**Recorded data**
☆ ☆ ☆
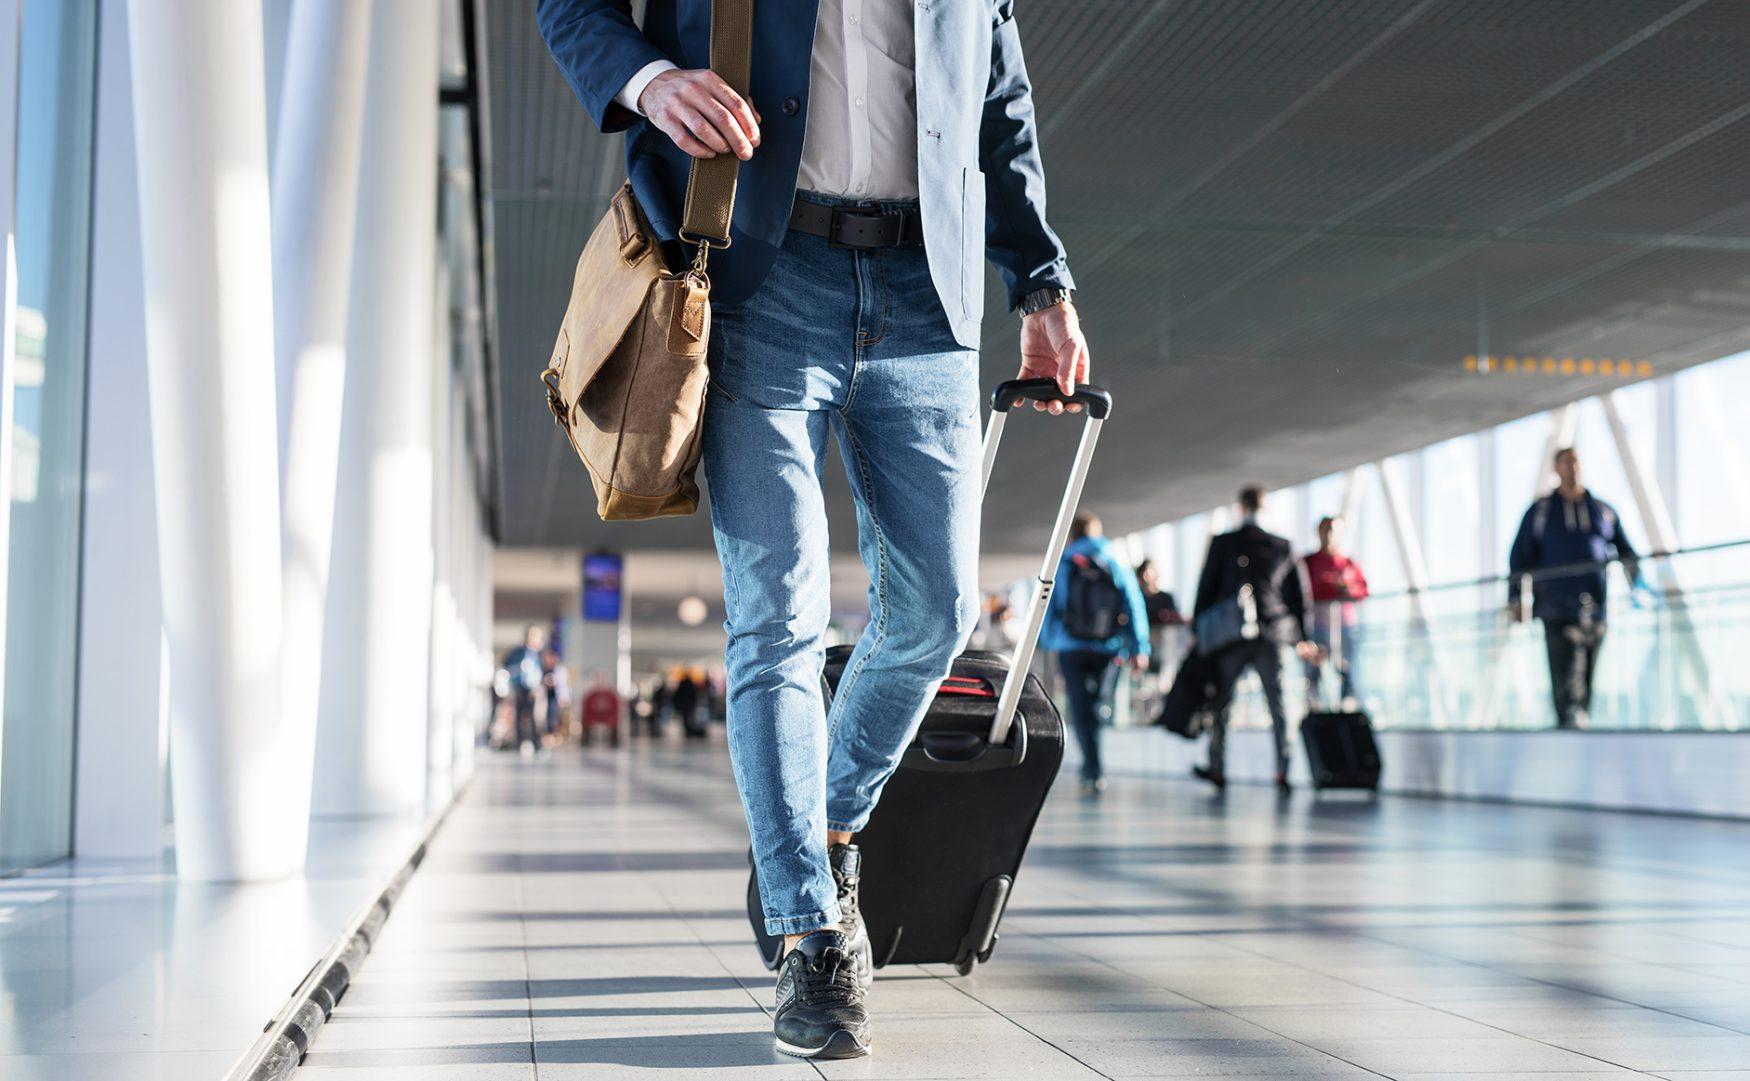 man walking through terminal with luggage
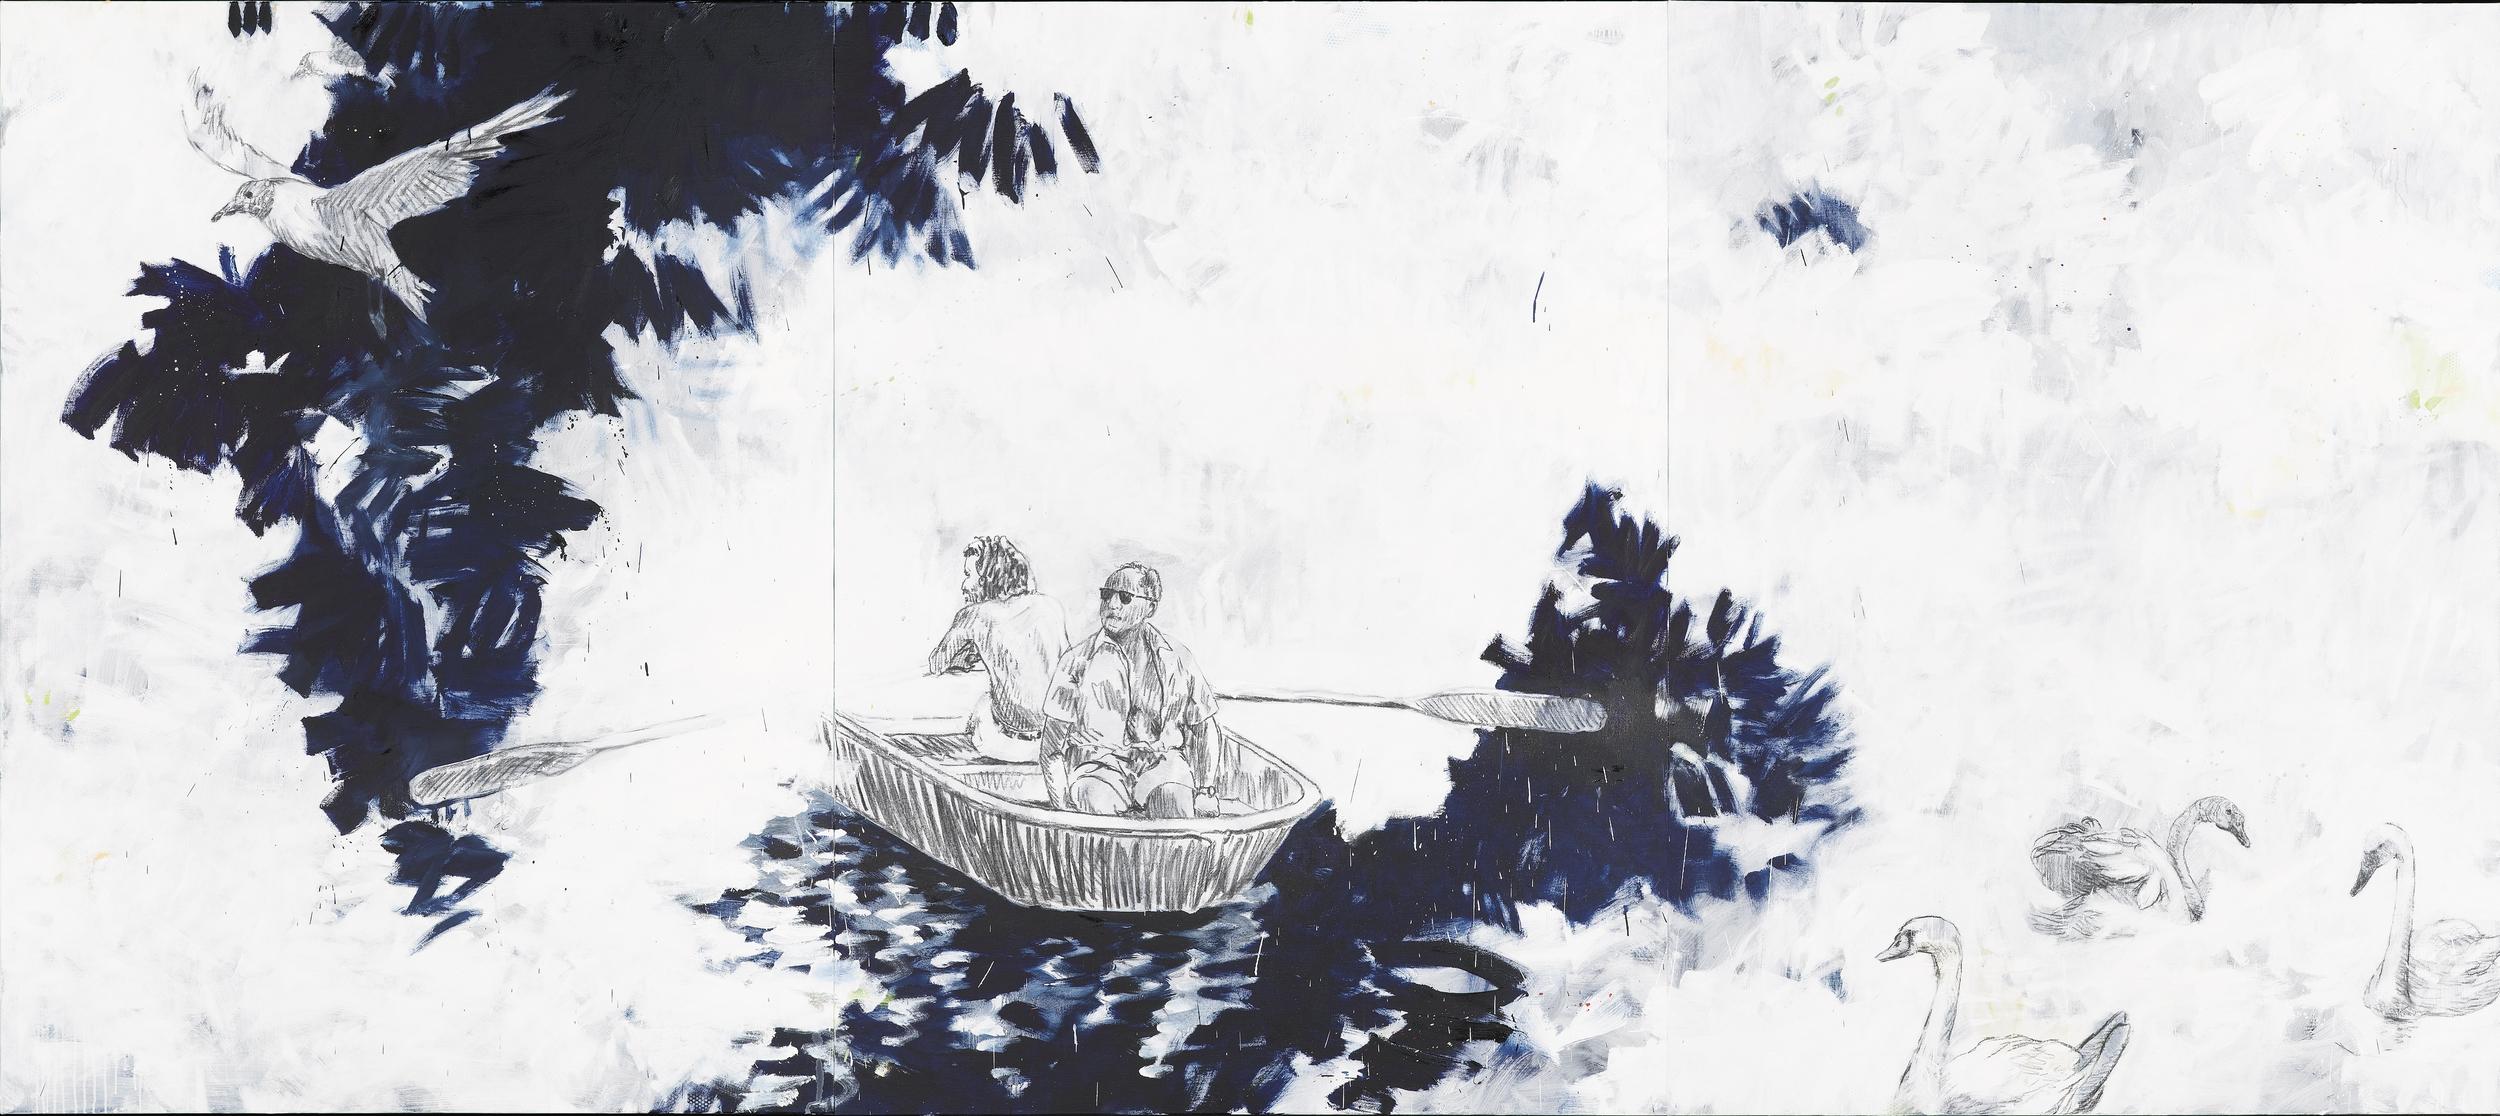 """Niklaus Manuel Güdel, """"Sans titre"""", huile et fusain sur toile, 360 x 160 cm, 2016 © Courtesy Galerie C, Neuchâtel / Photo : Pierre Montavon"""
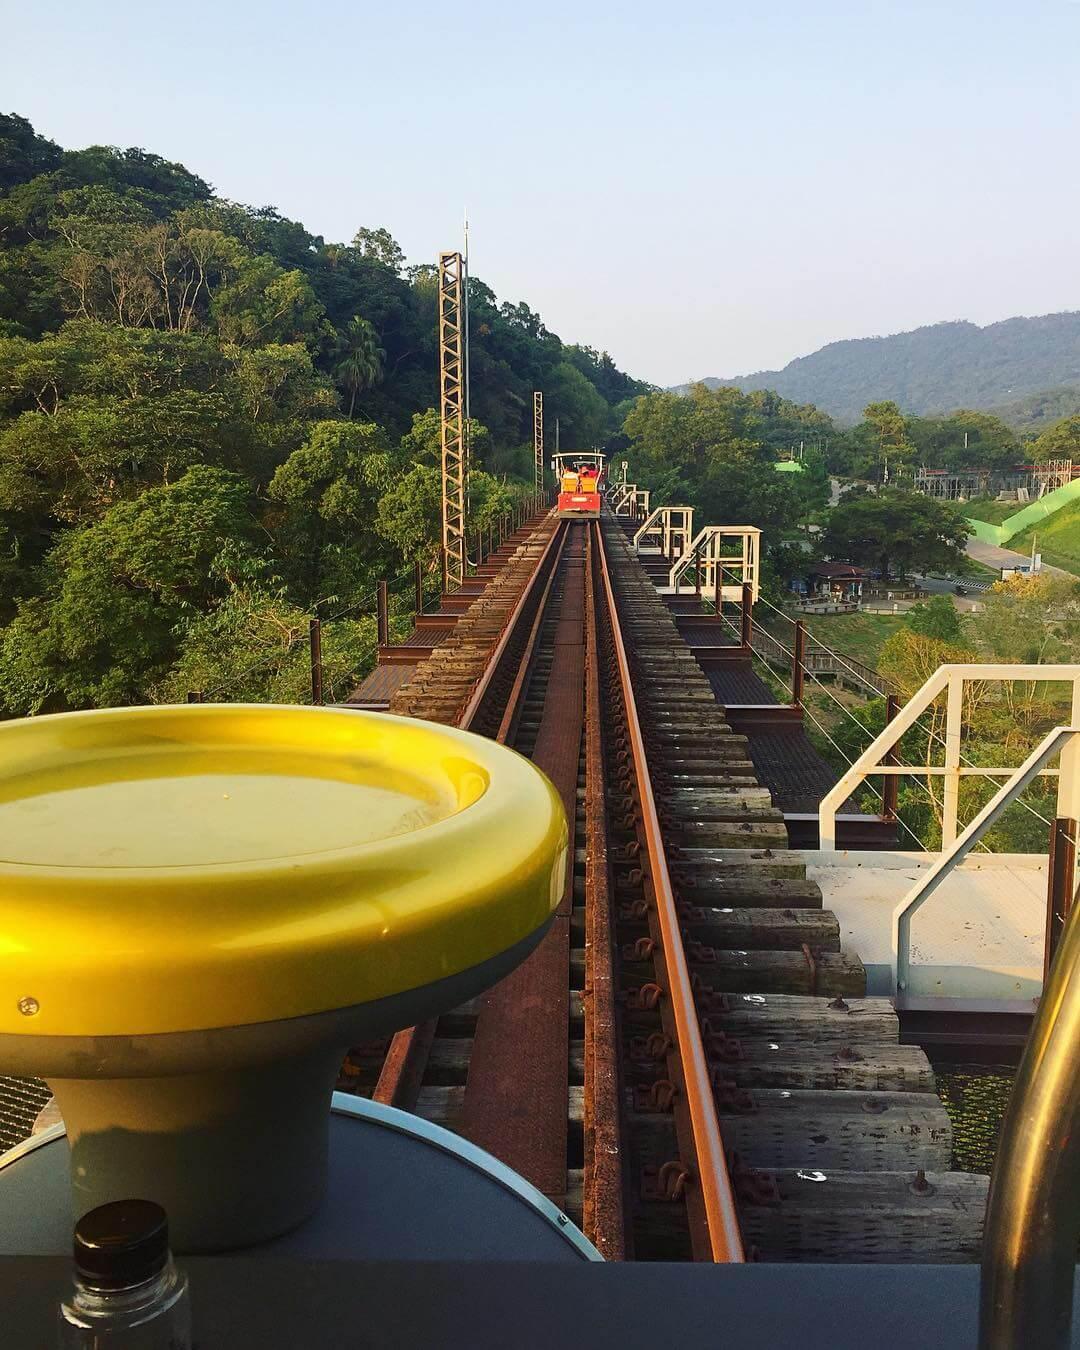 鐵道自行車走在魚藤坪鐵橋上。(圖/吐司客拍攝)
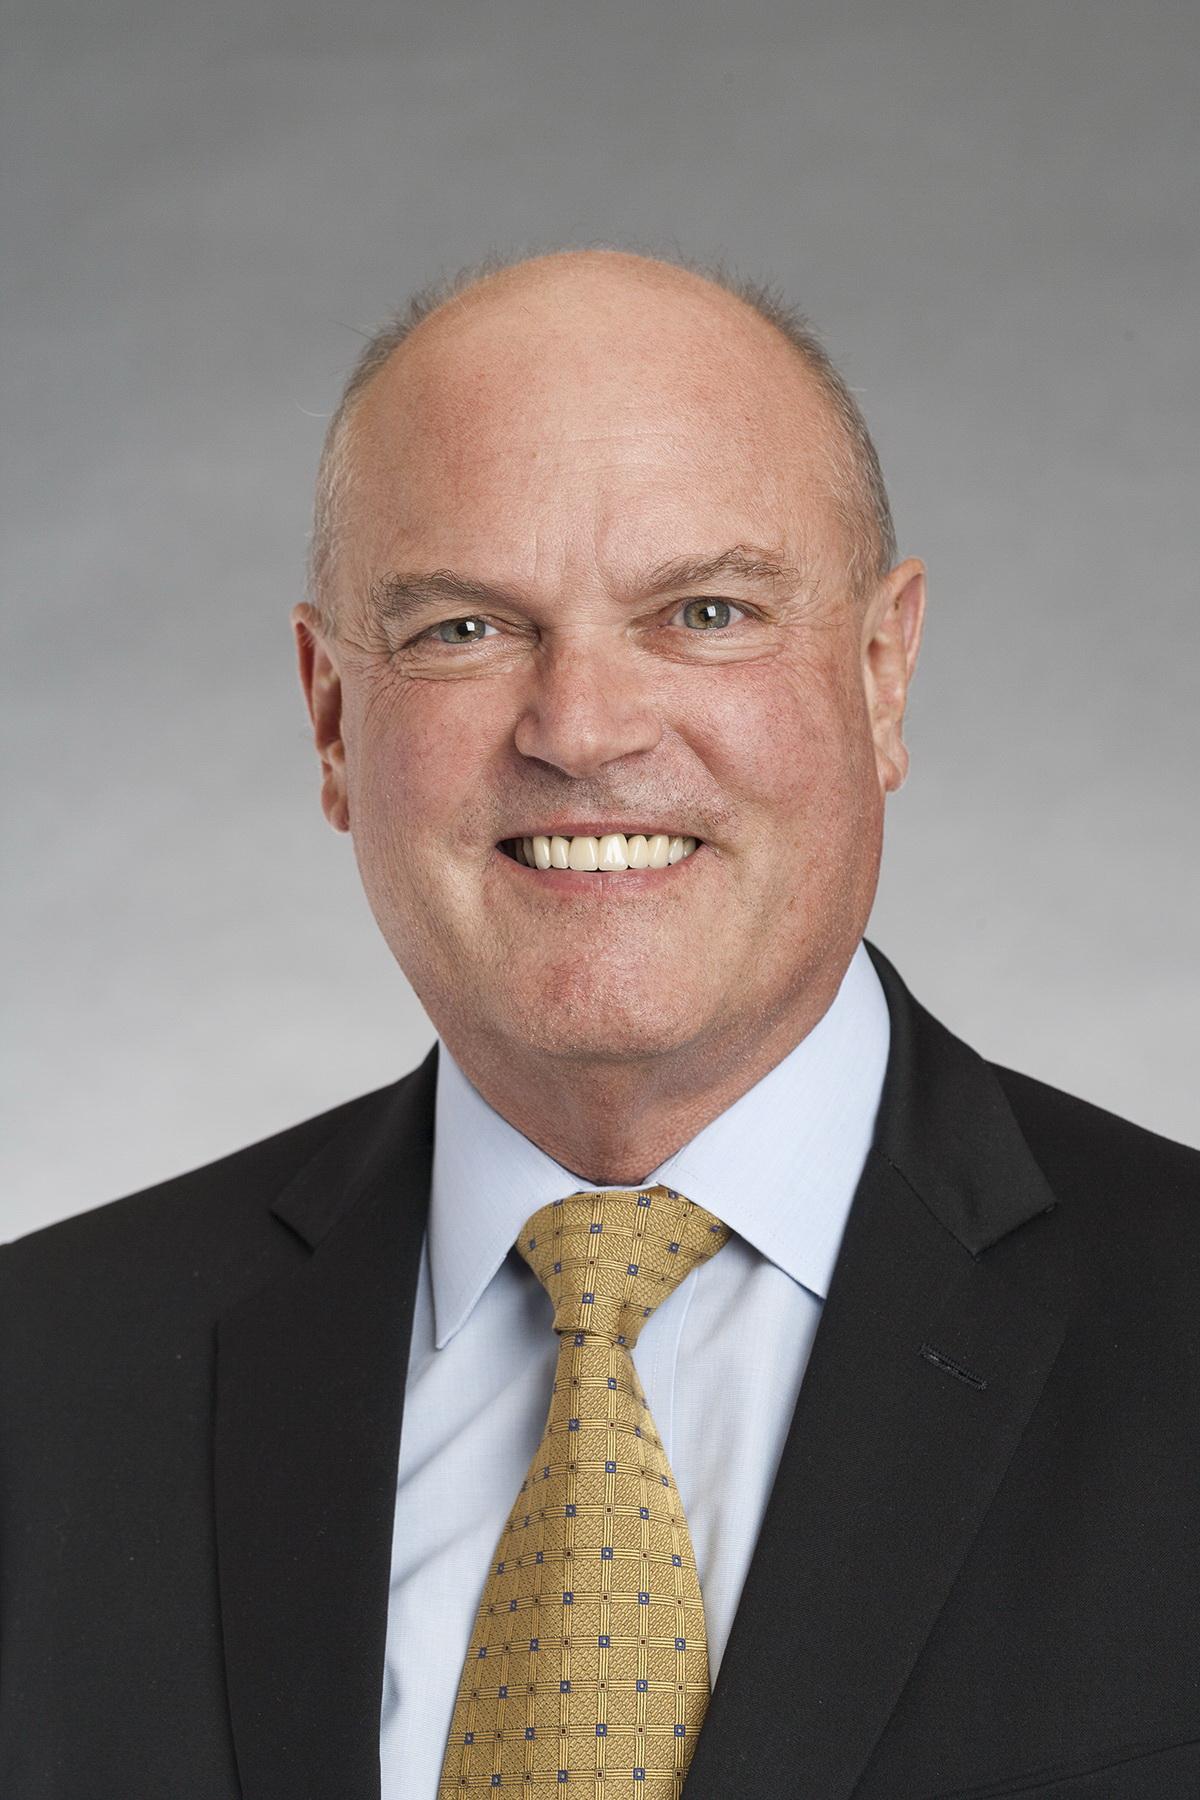 אלן ווטרס מנכל חברת הביטוח סיריוס: בטוח ב-110 אחוזים בהתממשותה של הרכישה
☆ ☆ ☆
**Instructions for the task**
An exact, image-free transcript of the material is required.

**Result**
 man walking through terminal with luggage
 """Niklaus Manuel Güdel, """"Sans titre"""", huile et fusain sur toile, 360 x 160 cm, 2016 © Courtesy Galerie C, Neuchâtel / Photo : Pierre Montavon"""
 鐵道自行車走在魚藤坪鐵橋上。(圖/吐司客拍攝)
 אלן ווטרס מנכל חברת הביטוח סיריוס: בטוח ב-110 אחוזים בהתממשותה של הרכישה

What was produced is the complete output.